▶ How to complete this task
In the data below, find the line with "Vintage Pyrex Refrigerator" and the line with "The future’s bright, the", then restate both and every line between them exactly, minus the pictures.

Dataset content: Begin

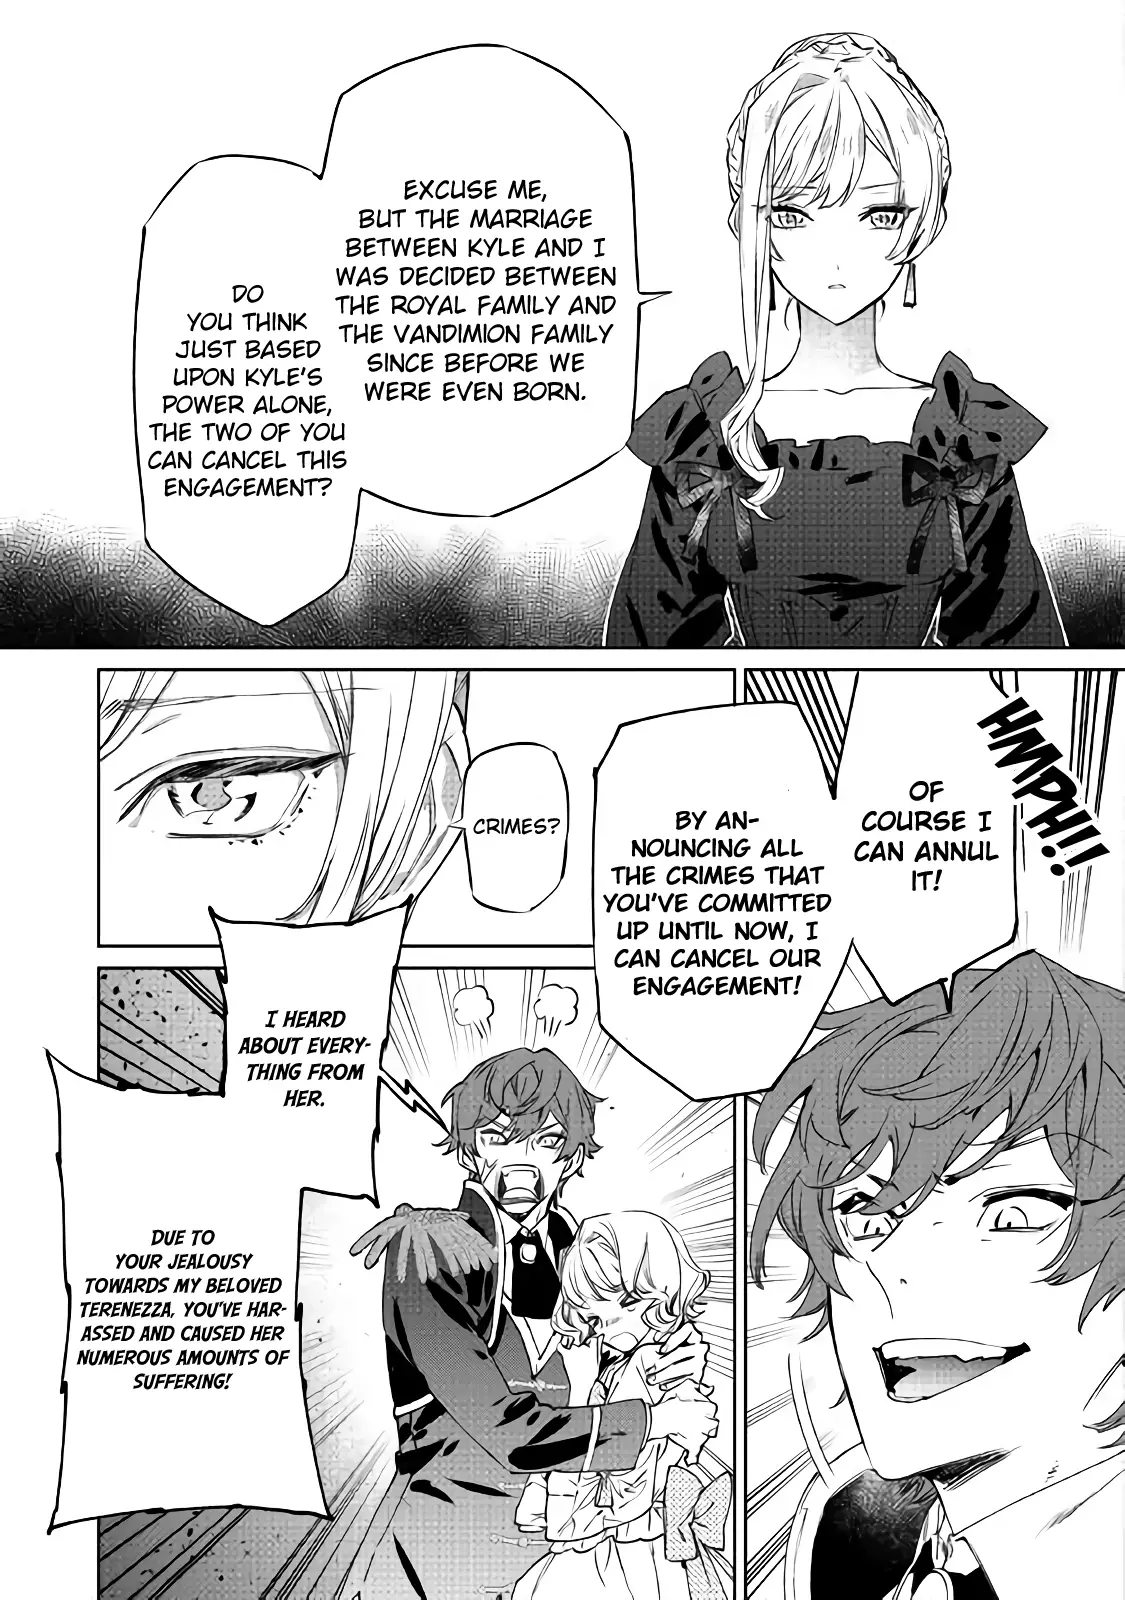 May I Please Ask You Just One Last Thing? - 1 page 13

Dataset content: End
Dataset content: Begin

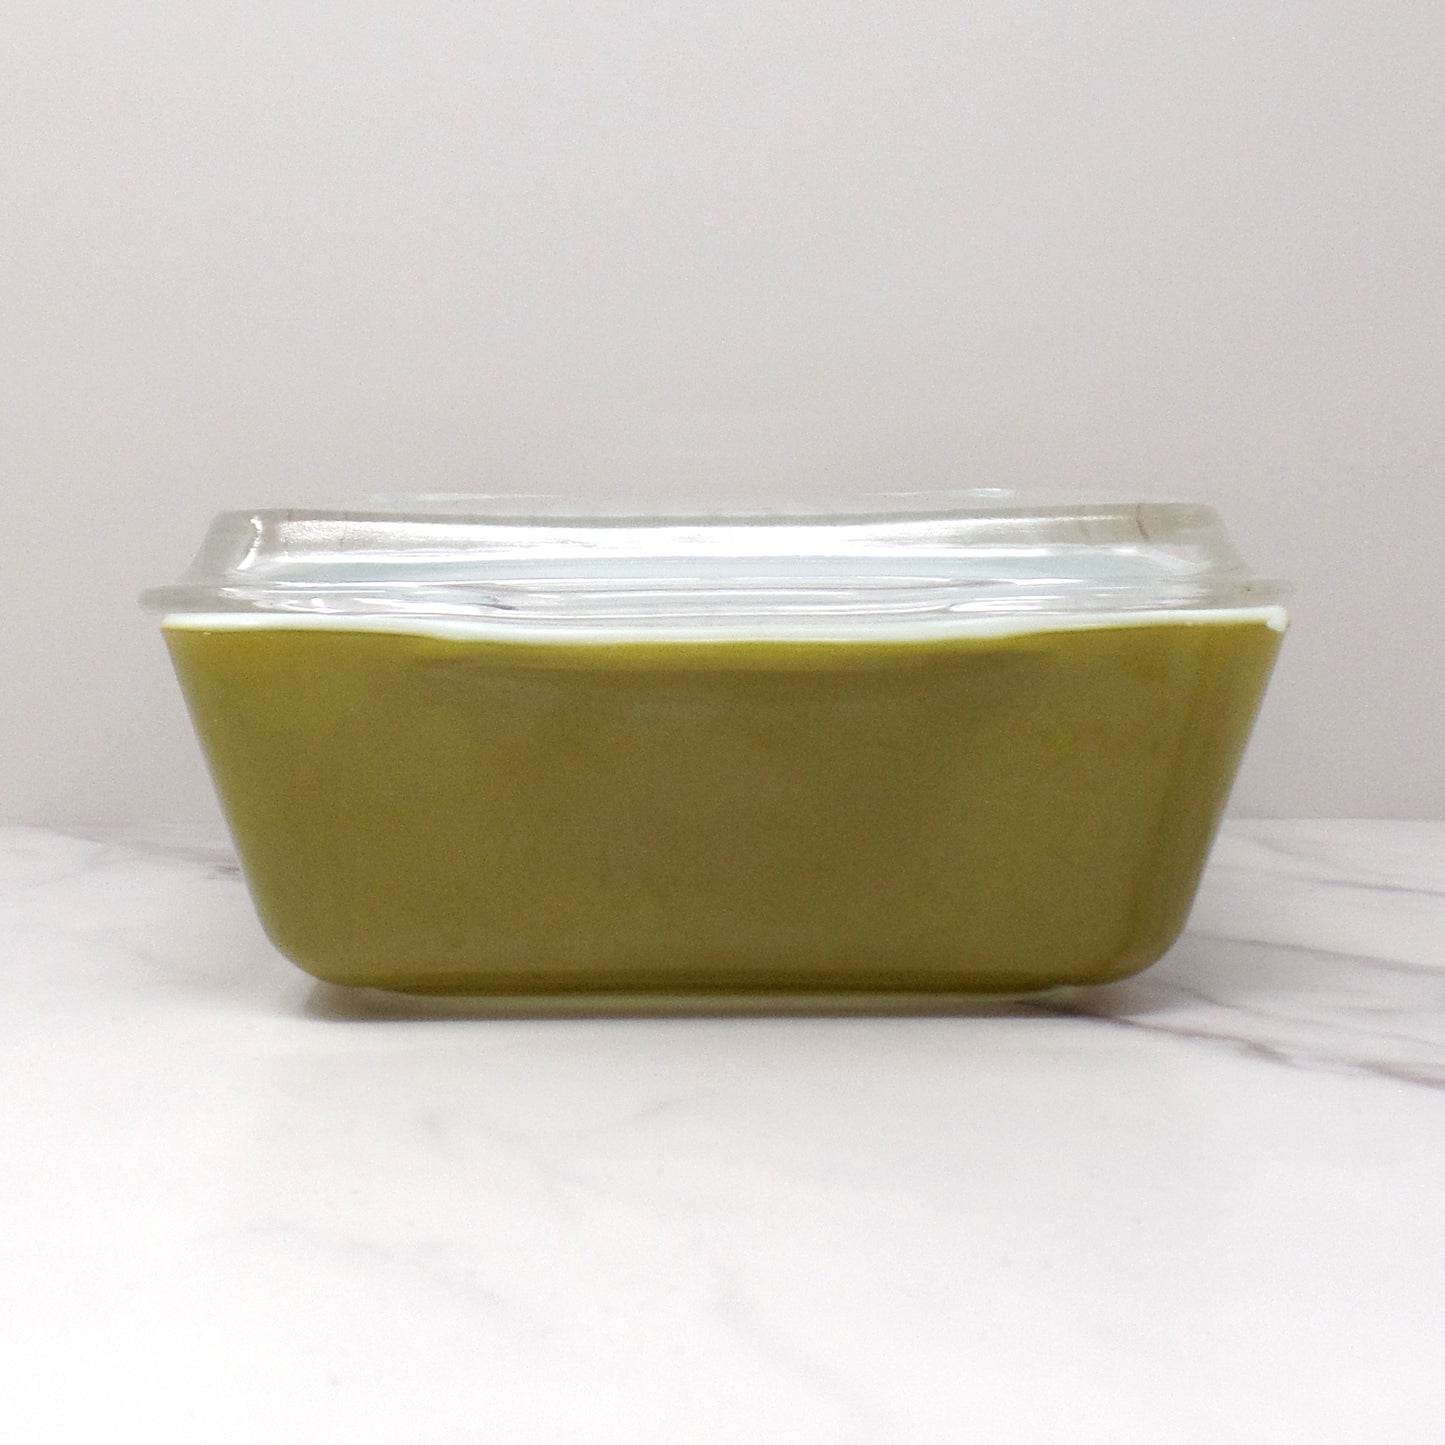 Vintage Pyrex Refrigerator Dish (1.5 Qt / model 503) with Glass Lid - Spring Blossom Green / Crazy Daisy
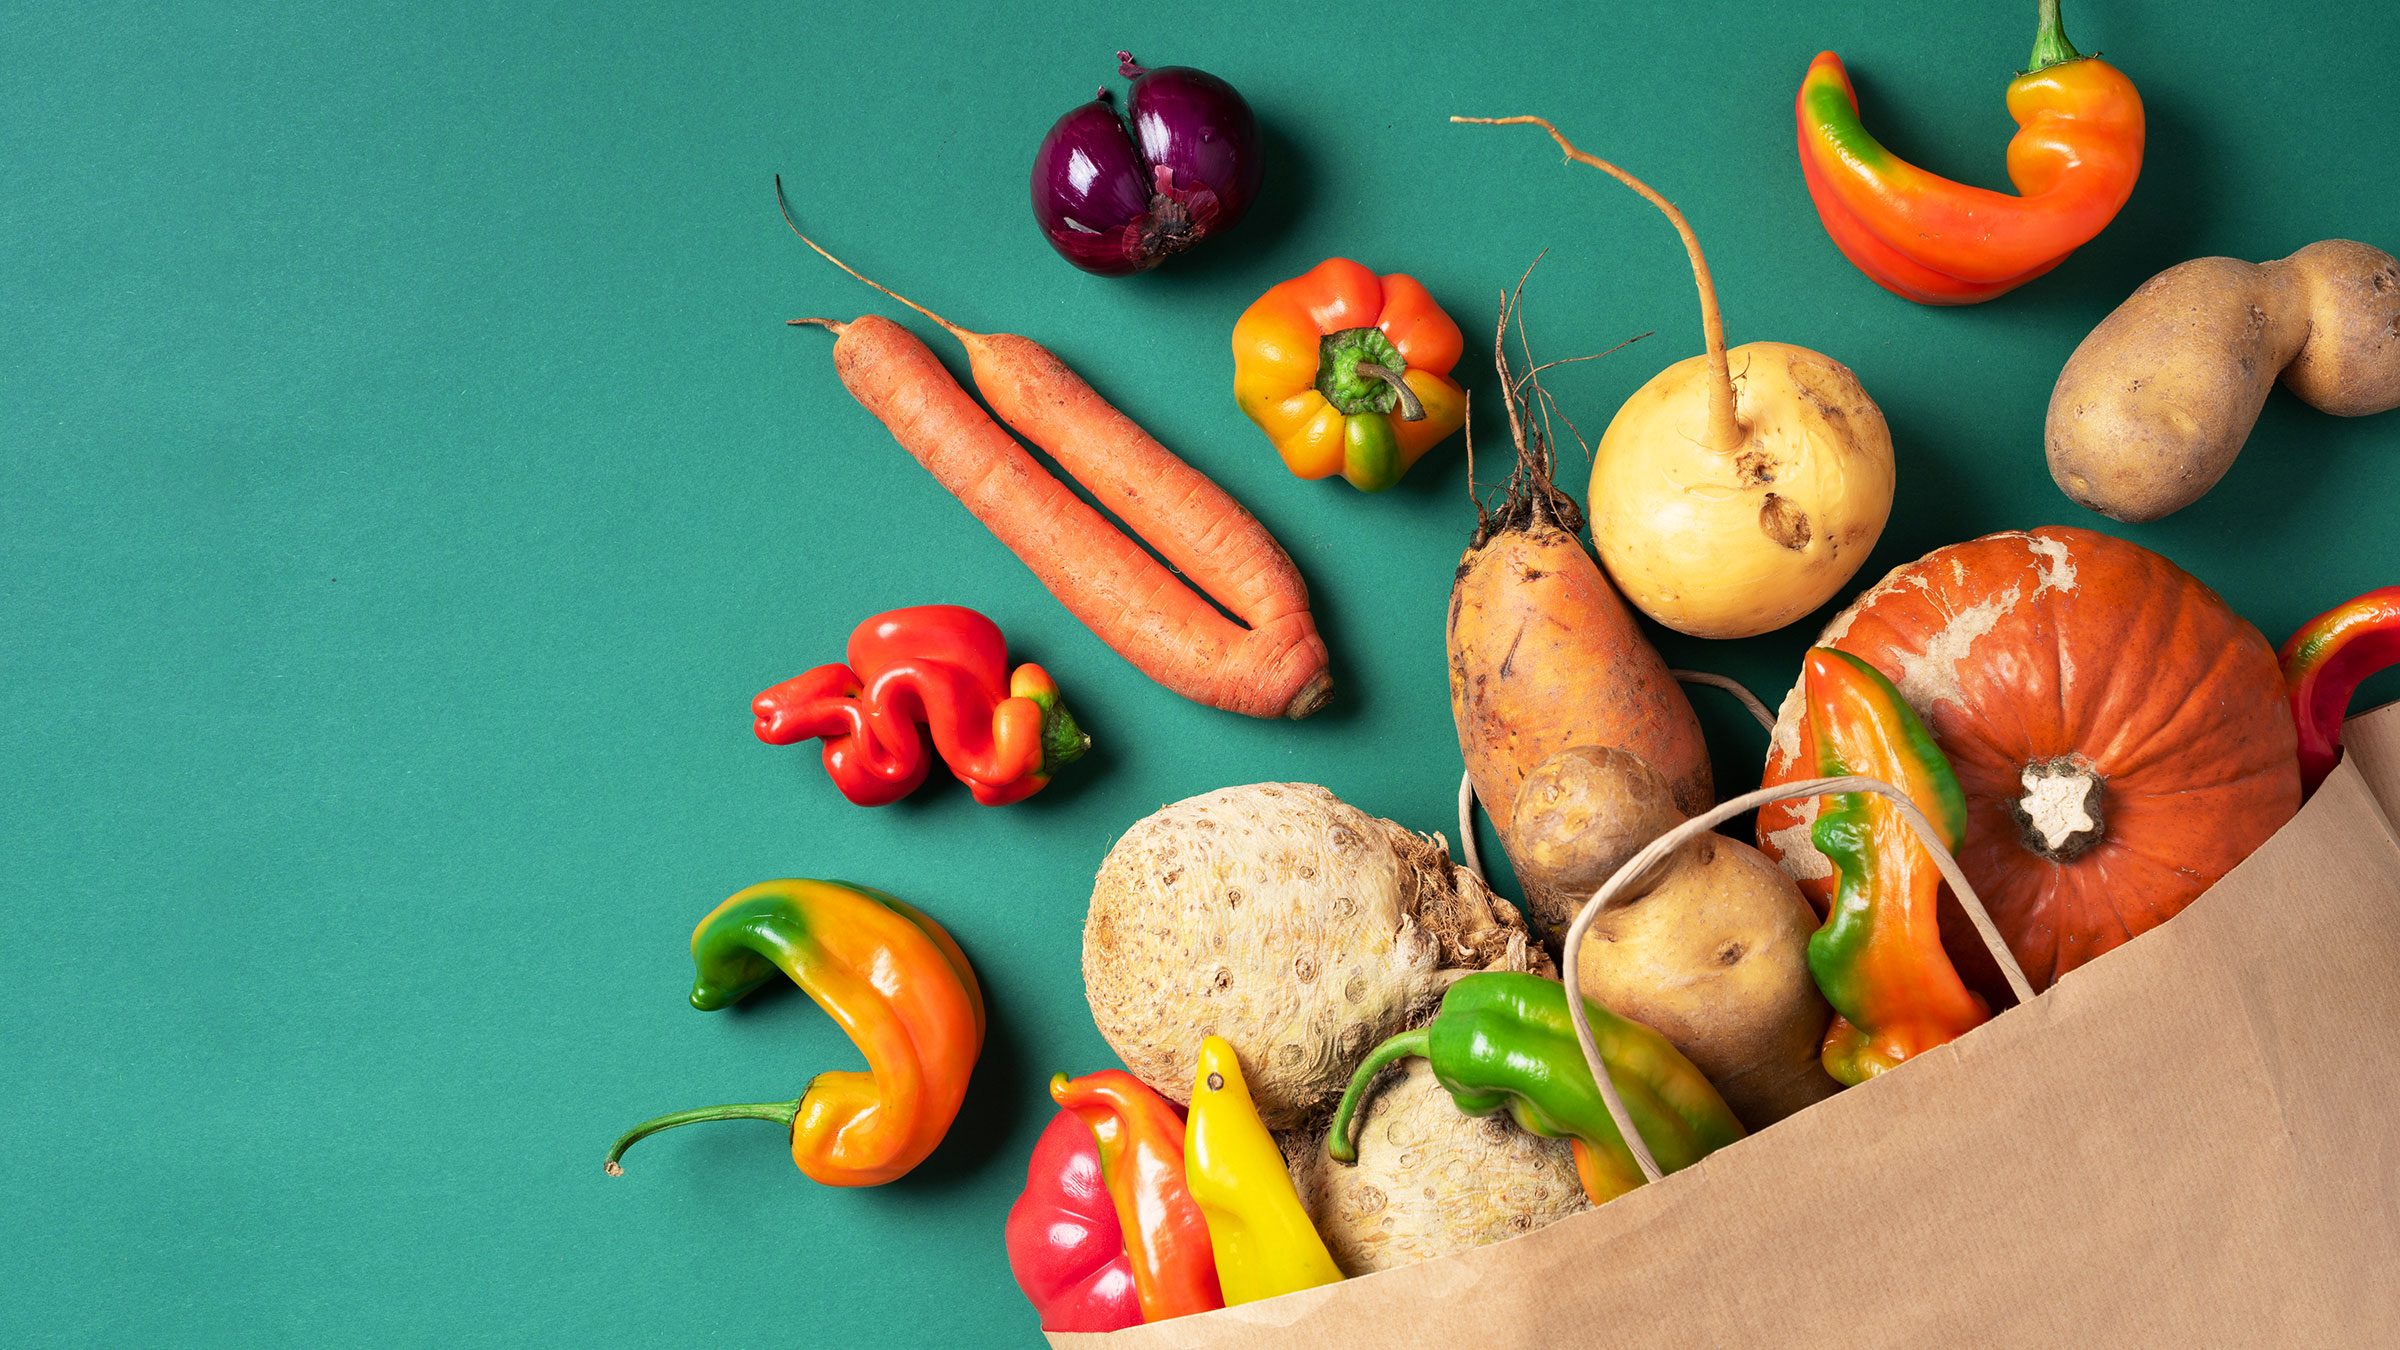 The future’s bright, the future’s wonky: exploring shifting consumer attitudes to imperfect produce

Dataset content: End

▶ Finished task
 Vintage Pyrex Refrigerator Dish (1.5 Qt / model 503) with Glass Lid - Spring Blossom Green / Crazy Daisy
 The future’s bright, the future’s wonky: exploring shifting consumer attitudes to imperfect produce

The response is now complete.